Wordau · 05/01/2025 23:09

Many supermarkets I've found sell non or minimal UPF bread ready sliced. You don't need to make your own. Tesco does a sourdough loaf with no emulsifier or preservative, Sainsburys does ciabatta, pitta and a few loaves along the same lines - they might contain some ascorbic acid or barley malt. Lots sell Jason's bread (but it needs toasting).

Obviously your own bread may taste better and be slightly less processed but you don't need to go to a hipster bakery and spend 6 quid on a loaf to get something half decent. Just read the labels.

Wordau · 05/01/2025 23:10

My kids love bircher muesli. It's a bit like overnight oats but nicer.
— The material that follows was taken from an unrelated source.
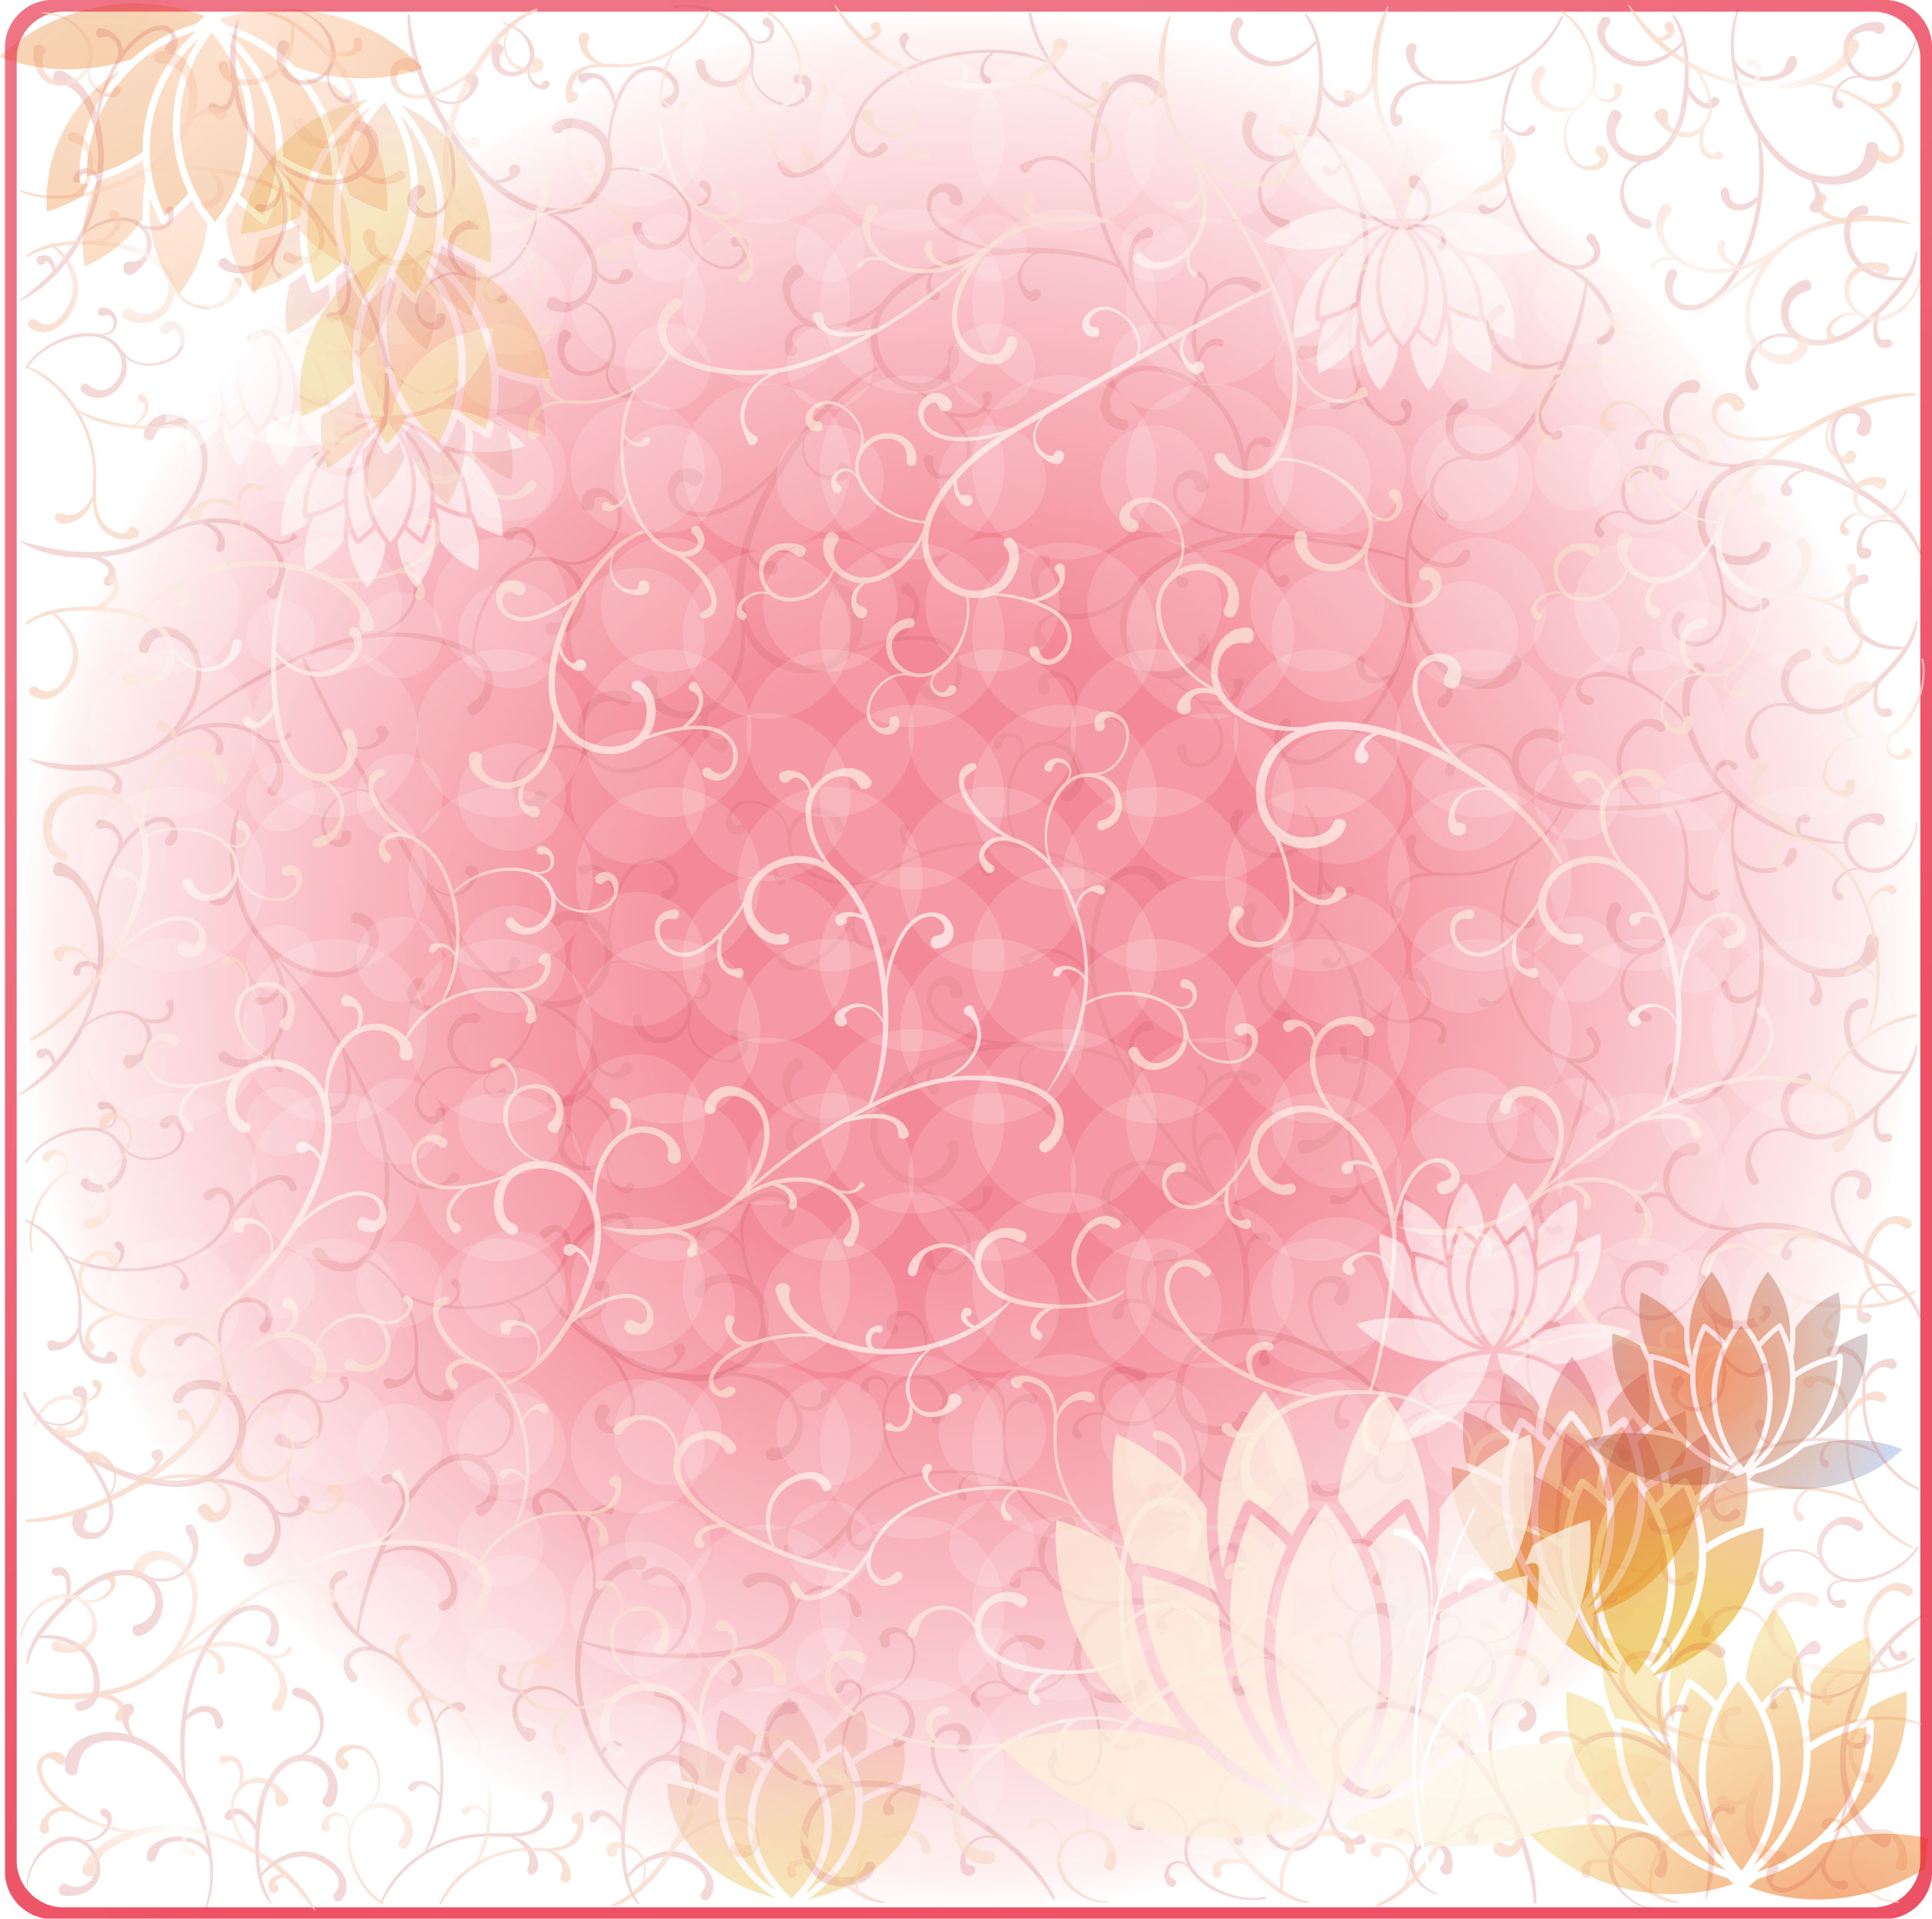 蓮 はす 睡蓮 すいれん の花のイラスト 画像 無料のフリー素材集

Rude Health sell loads of non upfront cereals but they don't go down the same as rice krispies etc.

TheFlyingHorse · 05/01/2025 23:10

Muesli and milk. I've got some Dorset Cereals muesli at the moment and the ingredients are what you'd put in if you made it yourself.
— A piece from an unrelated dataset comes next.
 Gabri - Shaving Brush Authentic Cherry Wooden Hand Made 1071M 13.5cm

thedefinitionofmadness · 05/01/2025 23:11

Buy better bread, better cereals, yoghurt and fruit
Do you have an air fryer so they can warm up rolls
But seriously you might be overthinking, it depends what they eat the rest of the time
If they are troughing half a box of frosties and 2 pain au chocolat each day that's different
Also, monkeys (and hobbits) have second breakfasts. If they are up at the crack they might need two however nutritious.

Hdjdb42 · 05/01/2025 23:11

Yoghurt, weetabix and get a toaster.

Whatshallwedohere · 05/01/2025 23:12

Tealpins · 05/01/2025 20:31

Oh my god. UPF is pure bullshit.

There's some evidence about food cooked at very high temperatures- but you can get muesli if this worries you.

UPF is wellness grifting bullshit tweaked to hit all the middle class prejudice hot buttons. Sliced bread from Aldi: Poison. Baguette from your local artisan sourdough place with a queue of bearded blokes: totally fine.

Come on people.

Please take a look at anything Dr Chris Van Tullekan has published or his TV clips. You don’t know what you don’t know. Once you DO know about the huge range of unecessary additives (chemicals) added in to our food (UPF), I think most would change their minds.

BTshun · 05/01/2025 23:12

If it makes you better OP, one of mine eats virtually all beige food. So on a bad day, white toast and butter for breakfast, a ham and cheese toastie or egg and bacon sandwich for lunch and nuggets and chips for supper.
They'd starve if I banned UPFs.

juggleit · 05/01/2025 23:15

steff13 · 05/01/2025 20:20

Egg bites?

Hard boiled eggs?

purpletrees16 · 05/01/2025 23:15

My mum is a dietitian and I used to have oats, dairy free milk & yoghurt & mum used to stew apples and cinnamon and keep in a Tupperware in the fridge. (Allergic to dairy)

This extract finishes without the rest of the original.